My first thought about attacking this problem was using a scheduler plugin for timeseries tracking which created a periodic callback to sample a particular resource

We might try hooking into the existing SystemMonitor periodic callback which runs on the scheduler and workers

https://github.com/dask/distributed/blob/f3f4bffea0640c01fc54f49c3219cf5807d14c66/distributed/core.py#L203-L209

Would adding a new tab to the performance report which contains the "System" plot from the dashboard be a good start?

Made a quick attempt at this:

image

Pretty new to working with the dashboard so not really sure how to set the start time to when the performance report was called.

I think a time series could also be a useful means of live tracking for GPU memory/utilization, but for cases where a large amount of workers makes a plot like this unreadable or where we are only interested in aggregated stats like mean or max usage, would something like the dashboard's "Workers" tab make sense? It could contain a sortable view of these aggregations and, if possible, some info about the operations associated with them (e.g. what operation was a worker running when it was at peak memory usage).

Opened up a PR #4561 for this.

While #4561 is being reviewed, I've been working on adding aggregated stats to the worker tab in their own table:

image

Though it works fine, I'm not sure if this is the best way to showcase these stats; the table being separate from the "live" metrics makes it harder to parse, and it's pretty crowded with only 2 of the 3 relevant stats we were considering.

Regardless, this info would probably be useful within the context of a performance report, so I'll open up a PR for that.

Opened up a PR for this #4614

Currently working on what I initially suggested, a time series view of the GPU memory/utilization:

image

While this works fine in the dashboard, it's limited because data points must be collected within the component themselves (the workers only contain metrics for one fixed point in time); this means that whenever this page is reloaded, the plot resets. It also means that putting something like this in the perf report would only be possible if the associated dashboard component is loaded when the perf report is started; otherwise, data collection would only start after the profiled operation is completed.

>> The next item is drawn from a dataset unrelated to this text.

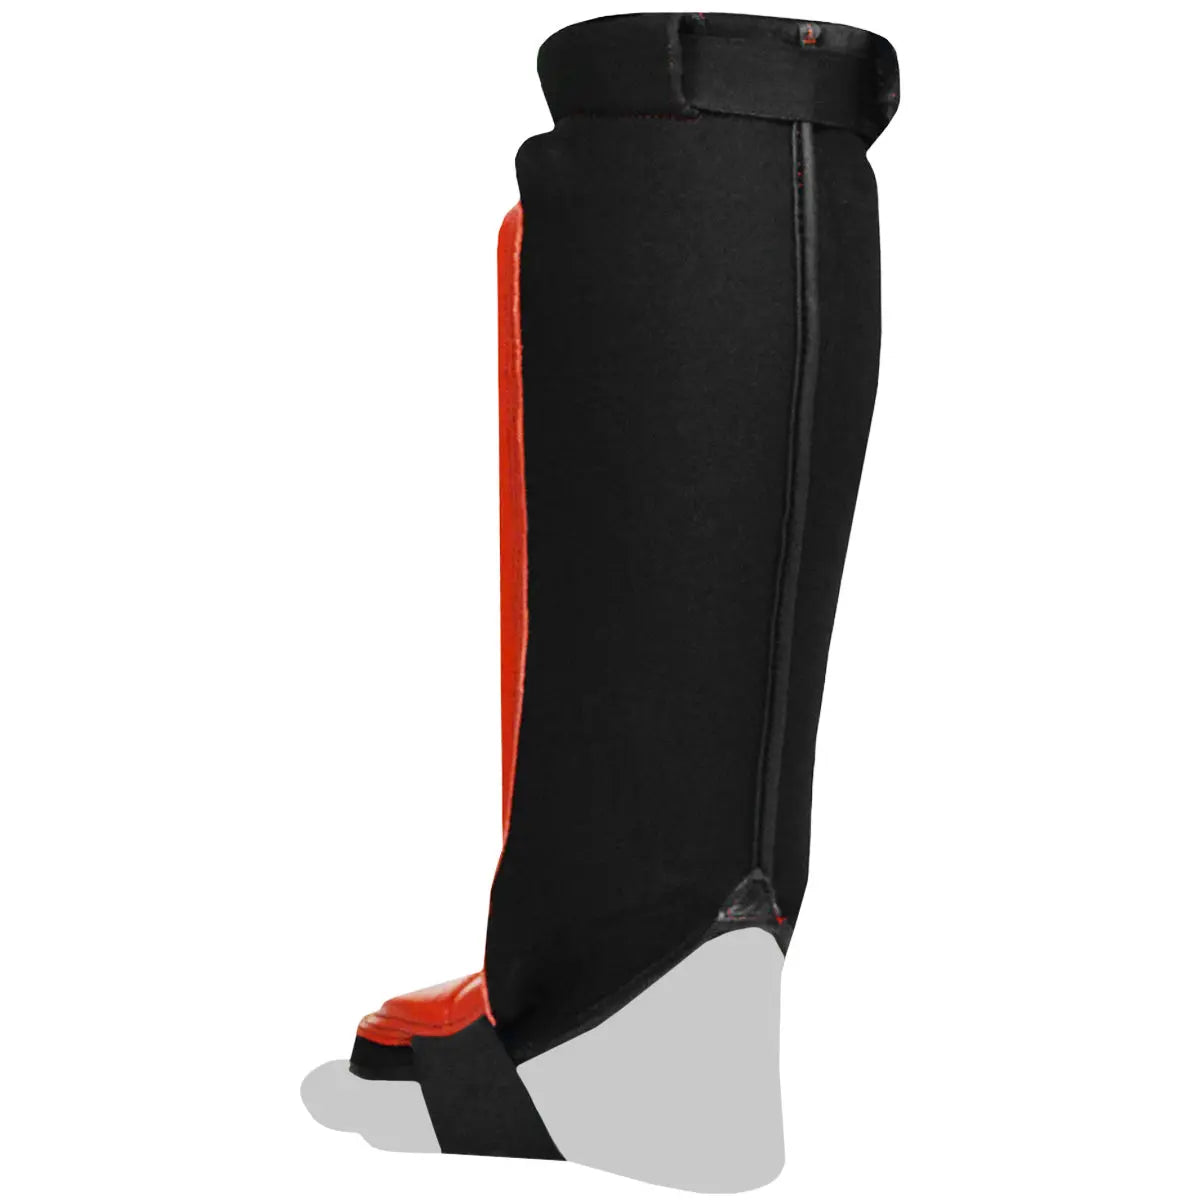 Forza Sports Leather Instep Shin Guards - Red/Black Forza Sports

I think per-worker monitors (similar to the scheduler's SystemMonitor) keeping a backlog of worker metrics could be a good solution for this.

EDIT:

The workers do actually have this monitoring happening, though it is only accessible through the worker object itself - is there any way we could expose these monitors to the scheduler so they could be used for dashboard components?

I opened up an issue relating to my question on the worker monitors - #4630.

I think that if we had the worker system monitors readily accessible from the scheduler object, along with some additions to the system monitor itself to track GPU resources if they're available, we could pretty easily put together something like the System plot for the workers (with optional plots of GPU memory/utilization).

Then, the issue could be simplified to how we want to show aggregated stats - as something integrated in the plots (like a label or hover tool), or a standalone table.